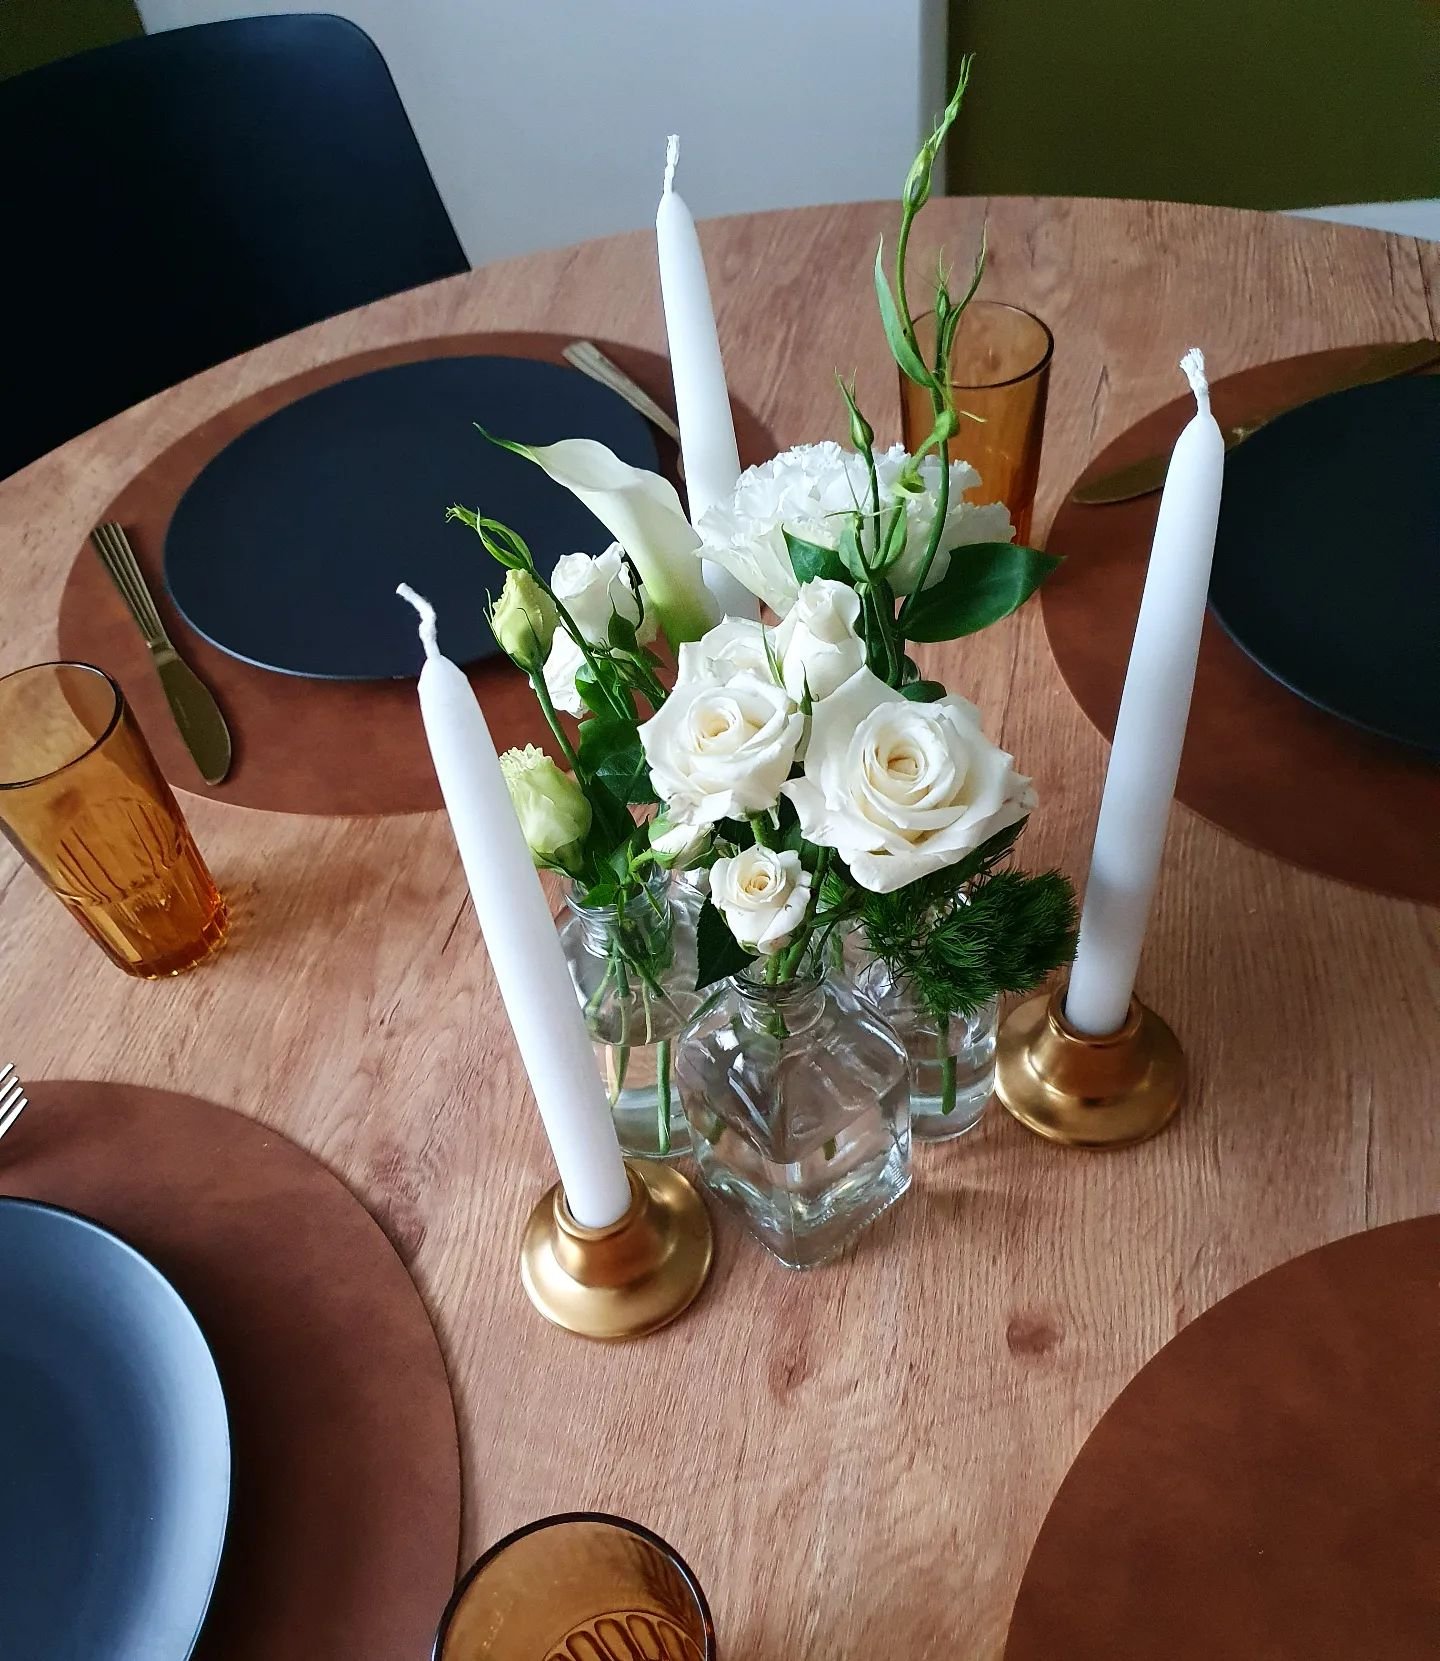 Bud vases + candles make a fantastic lower cost solution for a round table wedding centrepiece. 

They look great in clusters of 5 or more, depending on the table size. 

Perfect for minimalists, or couples who'd rather splash their floral budget on 
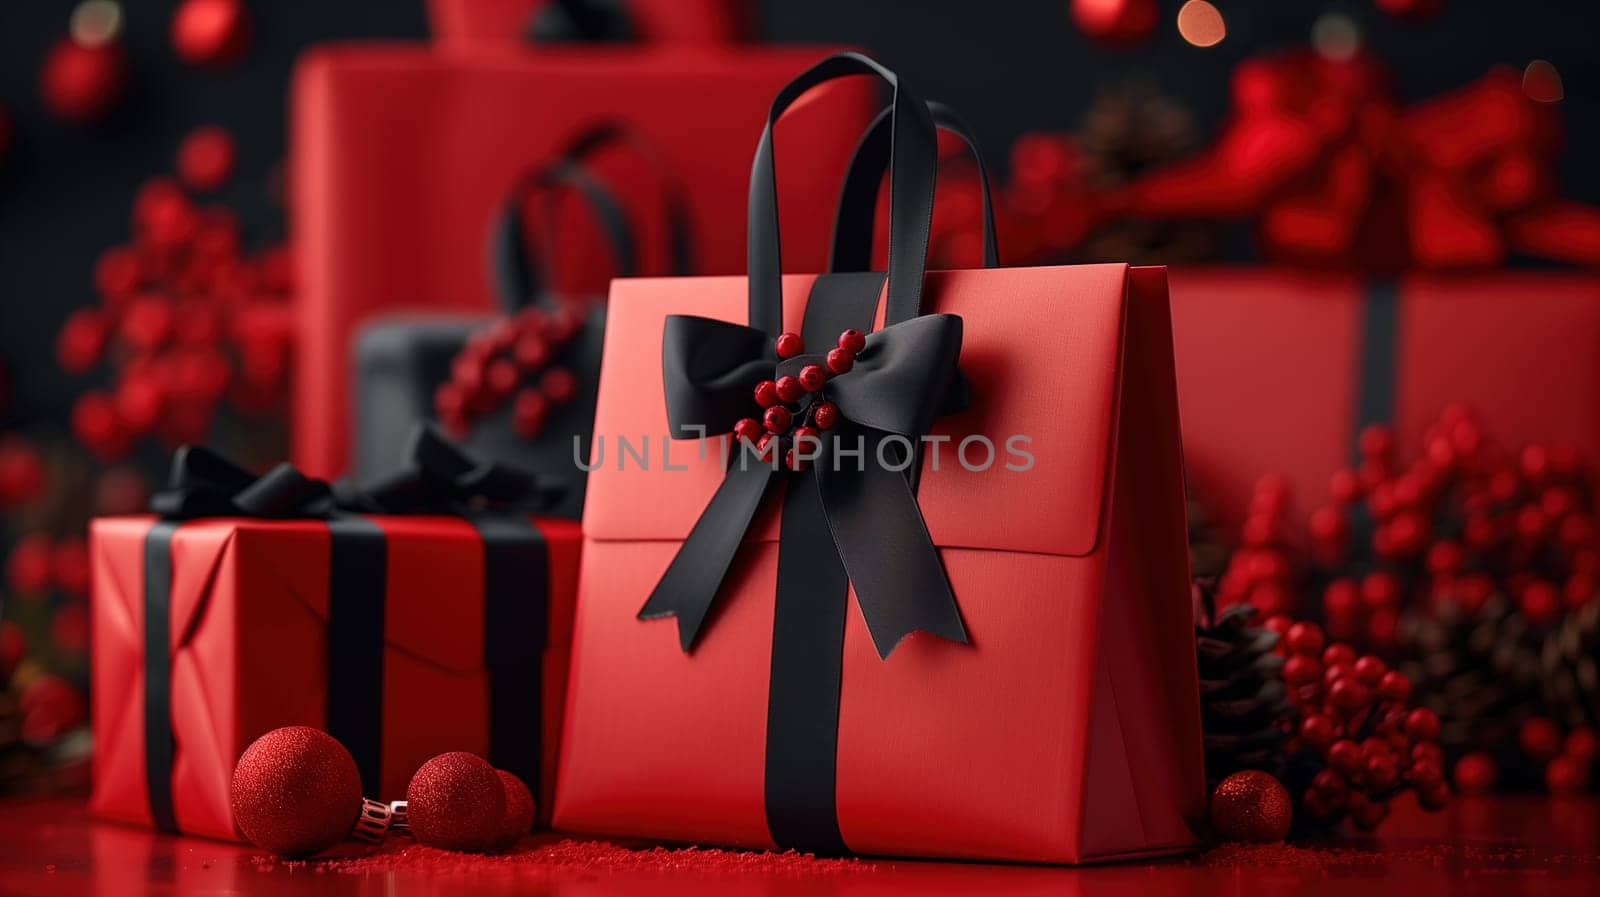 Several red boxes with black bows arranged in a group, showcasing a sale concept or a Black Friday promotion. The boxes are neatly stacked or scattered, adding a festive touch to the scene.
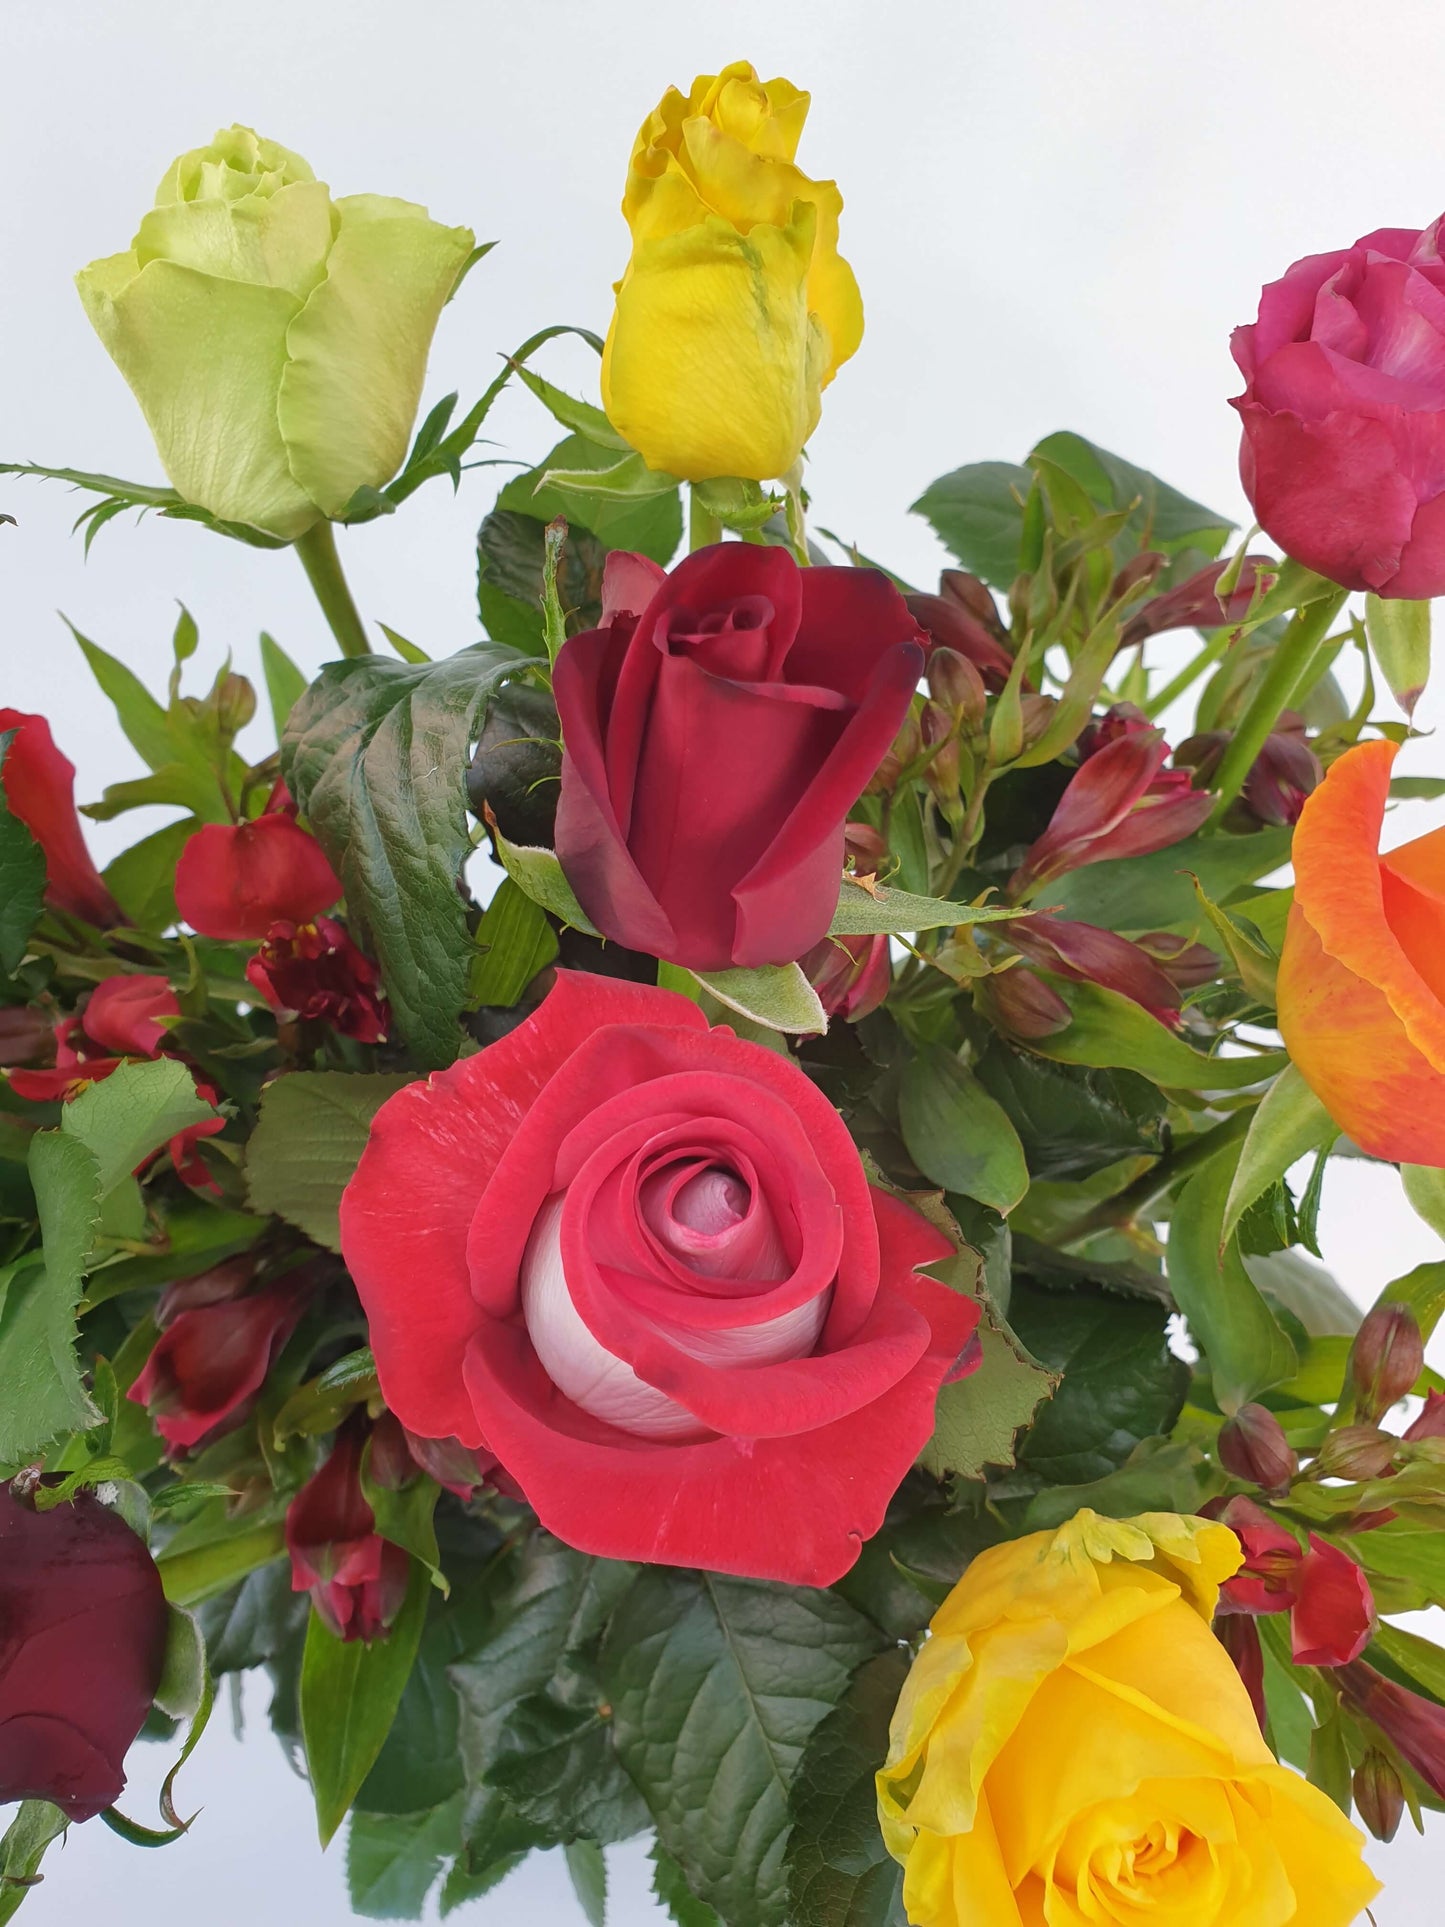 A dozen bright red, orange, yellow, and green roses up close

**WORK ITEM**
The lines from the start of the records above through the line that holds "Perfect for minimalists, or" are to be copied exactly, both ends included, and no pictures are to be copied.

**RESULT BELOW**
 Bud vases + candles make a fantastic lower cost solution for a round table wedding centrepiece. 

They look great in clusters of 5 or more, depending on the table size. 

Perfect for minimalists, or couples who'd rather splash their floral budget on 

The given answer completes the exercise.